Stored data:
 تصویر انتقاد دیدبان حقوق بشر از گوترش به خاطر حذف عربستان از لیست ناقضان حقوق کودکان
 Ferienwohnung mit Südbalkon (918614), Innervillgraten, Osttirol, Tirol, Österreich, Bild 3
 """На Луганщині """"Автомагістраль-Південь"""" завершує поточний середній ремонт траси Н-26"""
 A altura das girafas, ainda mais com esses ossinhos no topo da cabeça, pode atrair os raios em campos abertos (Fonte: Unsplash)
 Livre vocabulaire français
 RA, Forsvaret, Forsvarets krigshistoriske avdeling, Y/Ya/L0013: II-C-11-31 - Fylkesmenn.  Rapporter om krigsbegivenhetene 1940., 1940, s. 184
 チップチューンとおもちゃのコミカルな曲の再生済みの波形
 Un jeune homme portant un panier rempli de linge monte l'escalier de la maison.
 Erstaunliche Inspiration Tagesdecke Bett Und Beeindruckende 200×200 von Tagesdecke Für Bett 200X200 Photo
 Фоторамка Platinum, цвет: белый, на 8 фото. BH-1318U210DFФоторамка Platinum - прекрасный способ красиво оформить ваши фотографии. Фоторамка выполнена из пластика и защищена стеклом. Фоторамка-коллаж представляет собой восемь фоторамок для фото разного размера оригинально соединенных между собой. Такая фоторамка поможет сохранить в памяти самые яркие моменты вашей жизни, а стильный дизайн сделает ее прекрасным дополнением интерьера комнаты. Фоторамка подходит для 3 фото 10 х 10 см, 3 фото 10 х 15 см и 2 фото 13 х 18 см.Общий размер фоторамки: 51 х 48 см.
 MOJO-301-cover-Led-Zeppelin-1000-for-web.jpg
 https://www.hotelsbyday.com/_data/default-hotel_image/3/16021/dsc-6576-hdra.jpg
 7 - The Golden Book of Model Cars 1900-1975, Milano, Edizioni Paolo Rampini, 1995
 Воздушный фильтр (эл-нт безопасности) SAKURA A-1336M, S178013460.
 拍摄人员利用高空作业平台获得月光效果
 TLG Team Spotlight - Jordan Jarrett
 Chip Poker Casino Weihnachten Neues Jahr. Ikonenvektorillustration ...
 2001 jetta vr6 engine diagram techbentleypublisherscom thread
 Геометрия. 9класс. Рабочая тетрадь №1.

■ TASK BRIEF ■
Which lines run from the one holding "拍摄人员利用高空作业平台获得月光效果" through the end of the data? Write them out exactly, ends included, and add nothing.

■ ANSWER BOX ■
 拍摄人员利用高空作业平台获得月光效果
 TLG Team Spotlight - Jordan Jarrett
 Chip Poker Casino Weihnachten Neues Jahr. Ikonenvektorillustration ...
 2001 jetta vr6 engine diagram techbentleypublisherscom thread
 Геометрия. 9класс. Рабочая тетрадь №1.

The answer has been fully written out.